Figure 3. Pathfinder NDVI in 8 km × 8 km resolution (approximately 0.8° Lon × 0.723° Lat) for the first, (a), second, (b) and last, (c) 10-day composites of February in 1999. The quadrilateral covers longitude range [113°E, 115°E] and latitude [25°S, 27°S]. The city locations shown in the plot (a) are approximate.

Figure 3. Pathfinder NDVI in 8 km × 8 km resolution (approximately 0.8° Lon × 0.723° Lat) for the first, (a), second, (b) and last, (c) 10-day composites of February in 1999. The quadrilateral covers longitude range [113°E, 115°E] and latitude [25°S, 27°S]. The city locations shown in the plot (a) are approximate.

During the eclipse there were some cells of which reflectance in Channel 1 and Channel 2 were close to normal such as the cells with bolded, italicized text in Table 2. It is not clear why those cells were not affected by the eclipse. However, possible explanations might be that those cells were somewhat far off eclipse’s antumbra at the moment when the sensor was directing to them, and some sun light was allowed, or the pixels were selected from other overpasses that were not under the eclipse condition.

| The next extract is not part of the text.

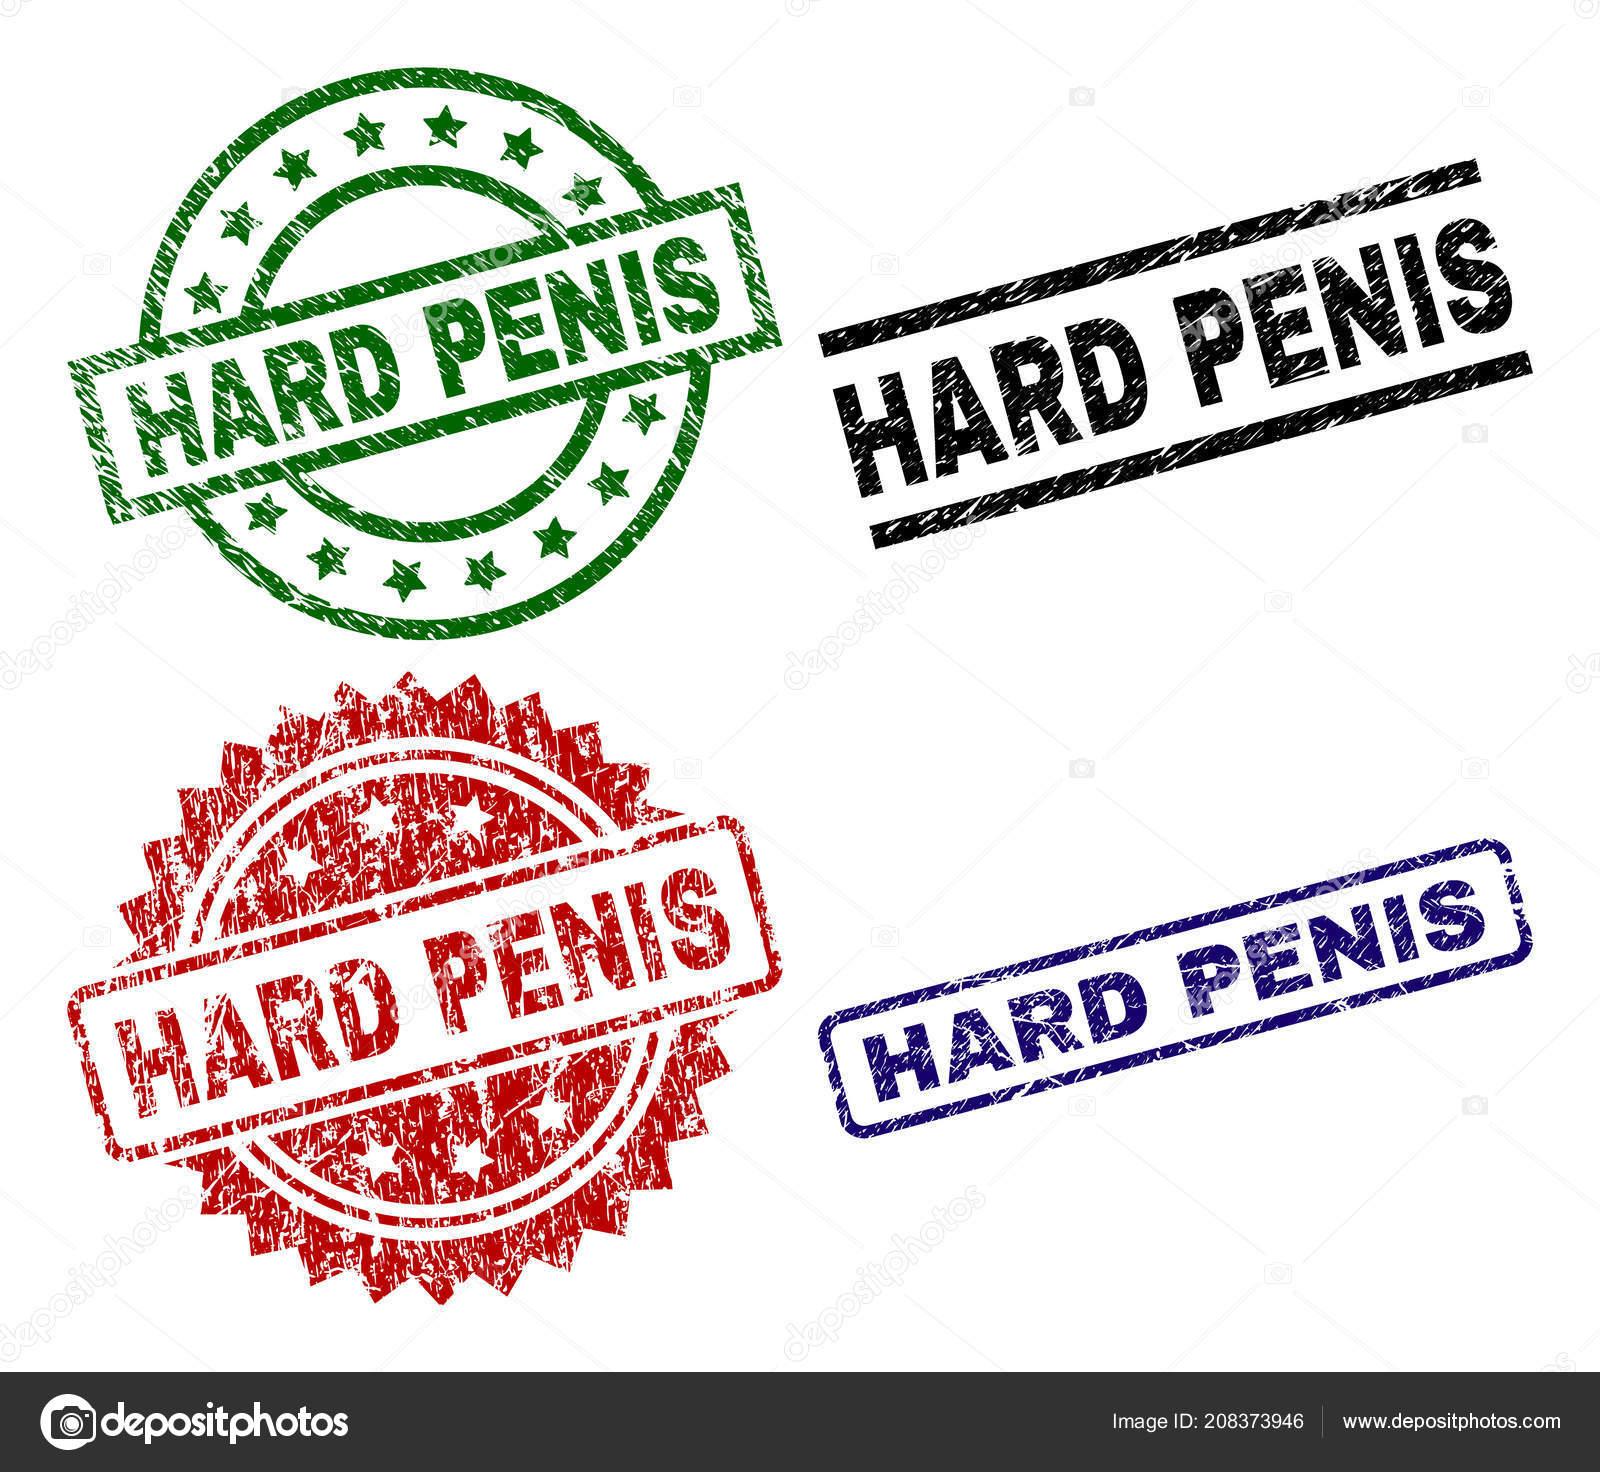 Bilder vom harten Penis

The fact that the PAL NDVI became abnormally high for the 10-day composite from February 11 to 20 in 1999 for Western Australia was due to (1) the solar eclipse occurrence in the satellite path and (2) the NDVI composite updating rule, and (3) possible lack of quality control during the NDVI composite generation. The actual Channel 1 and Channel 2 data values for the composite from February 11 to 20 were not proper data sources for NDVI composite computation for the period. The abnormal data values could have been avoided by simply not using the data obtained during the eclipse in the generation of the composite.

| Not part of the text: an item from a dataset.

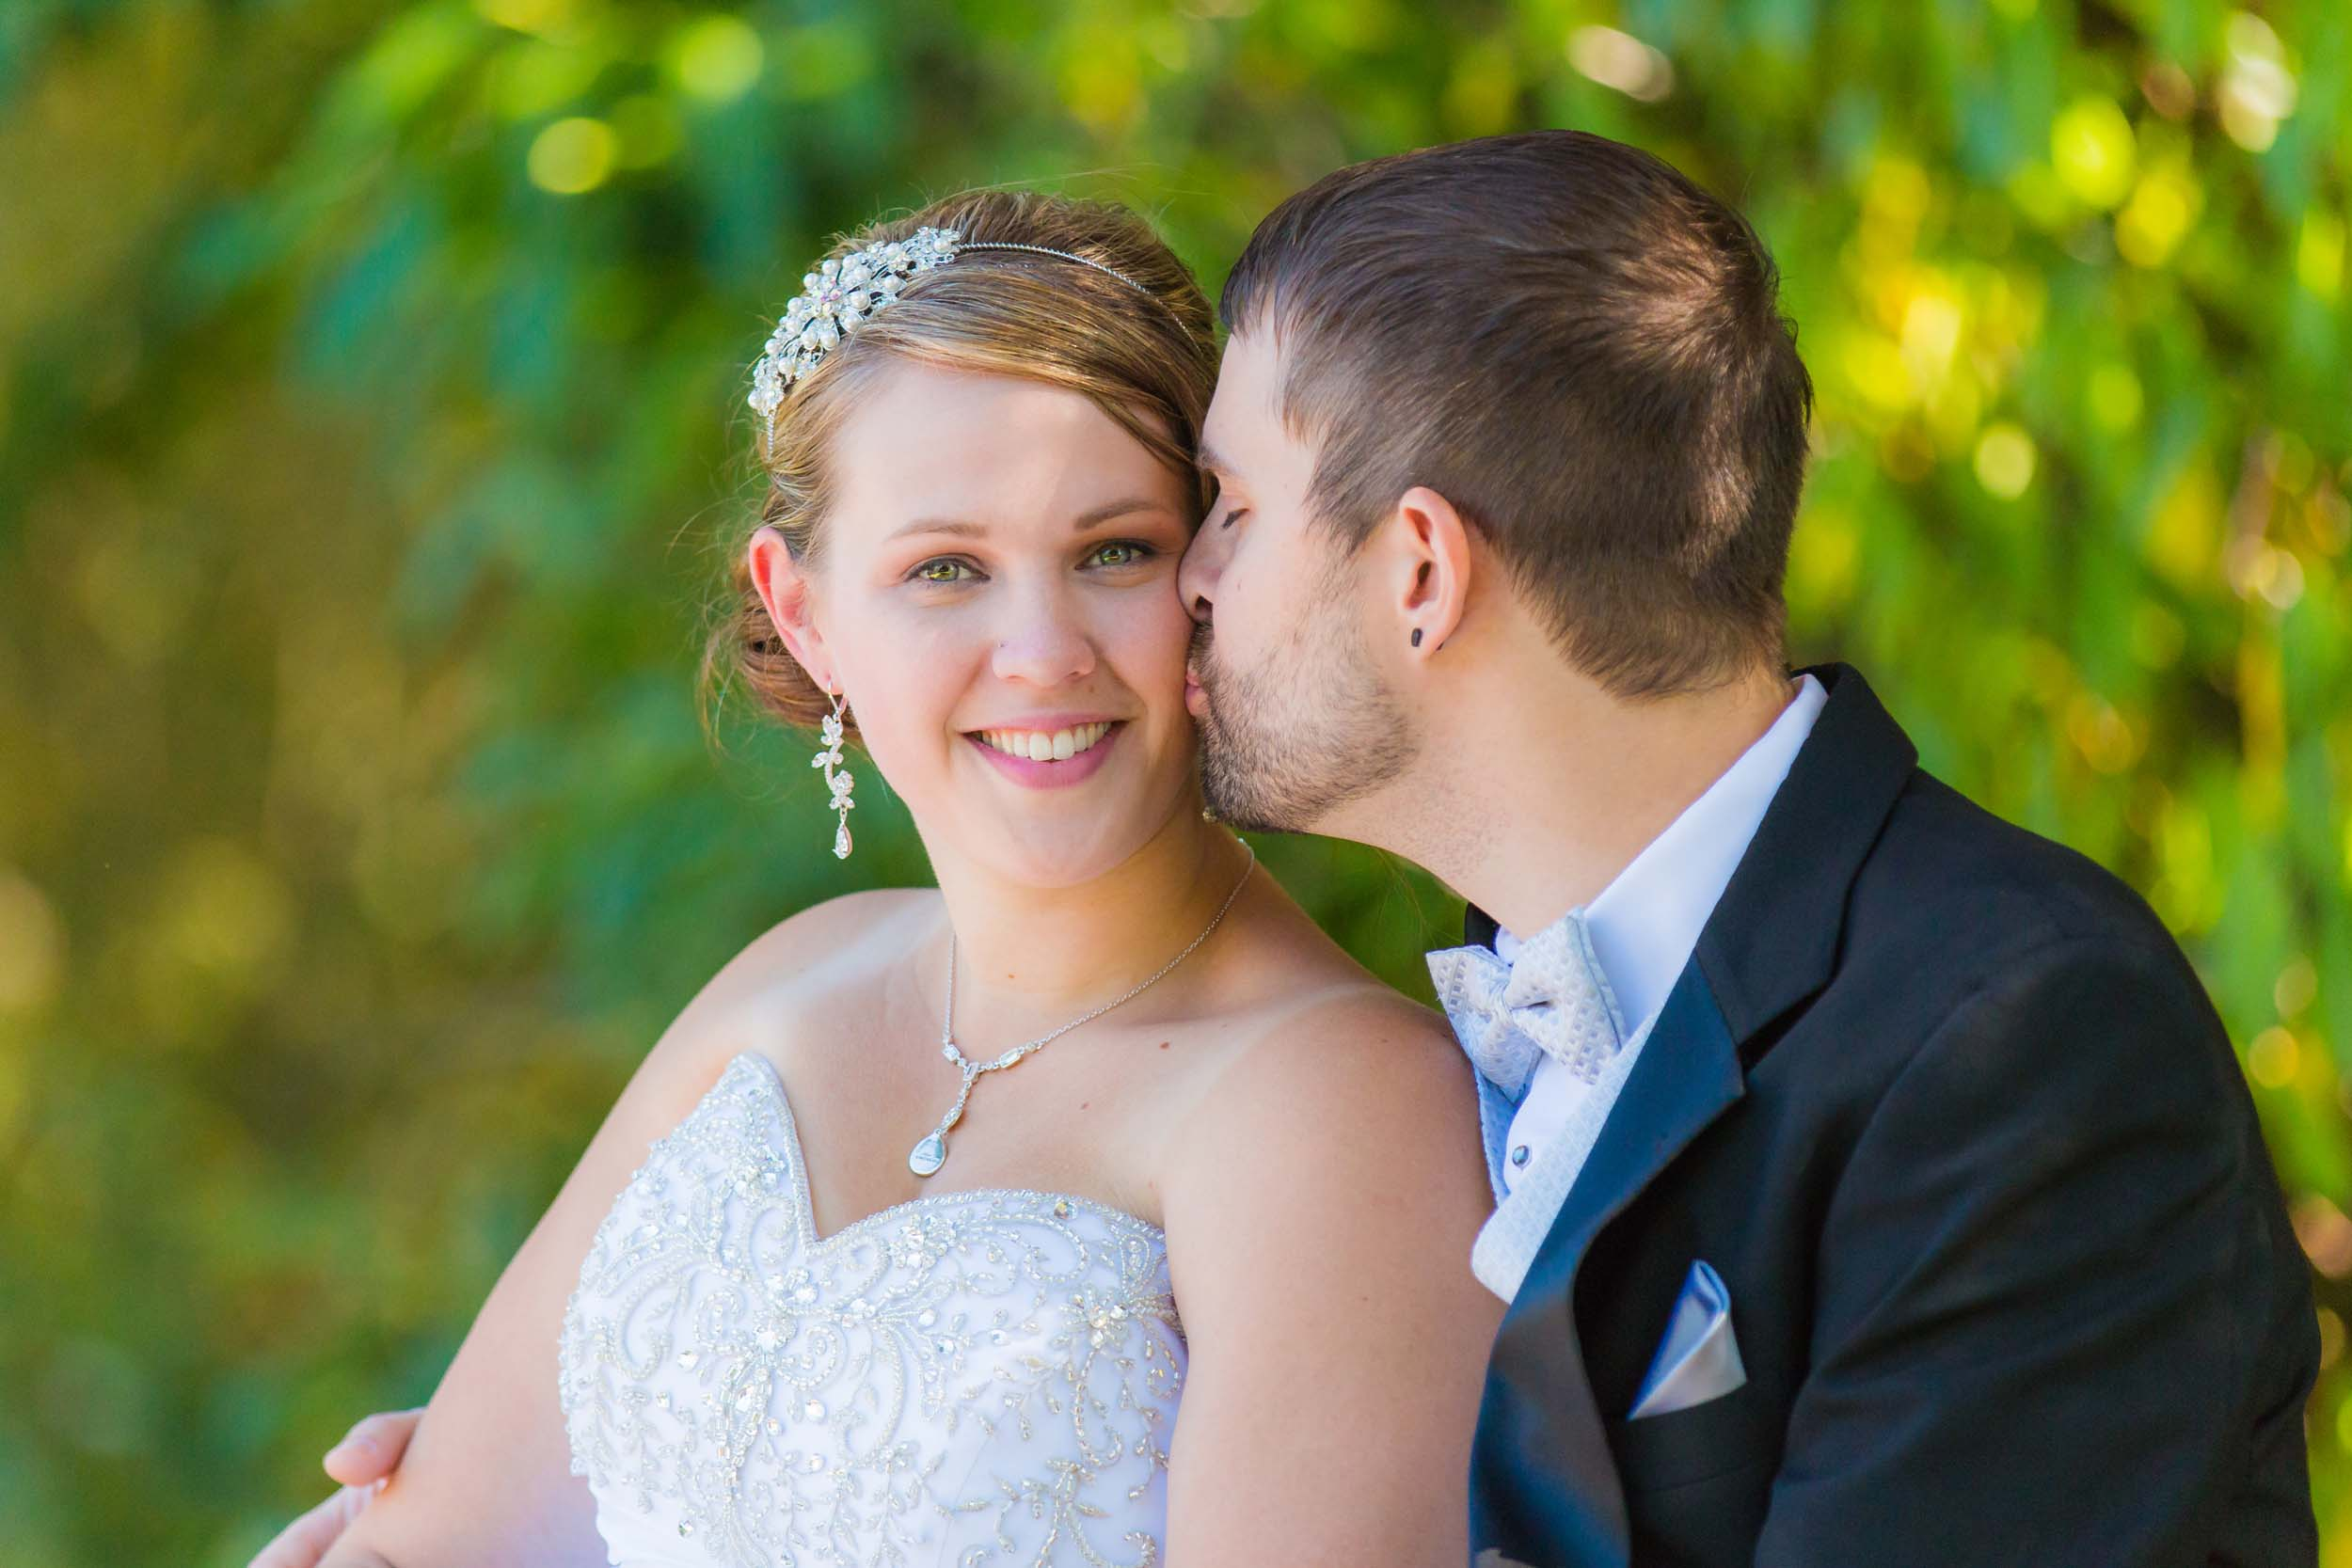 Aaron-Laura-Seattle-Wedding-Photography-464.jpg

More careful examination of the observed values of the AVHRR channels 1 and 2 during the second 10-day composite period in February 1999 is desired, perhaps with data in a higher spatial and temporal resolution to have a better understanding of eclipse impacts on remotely sensed data. In addition, further investigation on those ground cells not affected by the eclipse is suggested for it can provide valuable insights on how to efficiently screen out irregular data values obtained under an unusual condition such as an eclipse. It will be then possible to explore a range of quality control tests to see which are capable of eliminating the eclipse-affected values to avoid a production of incorrect data.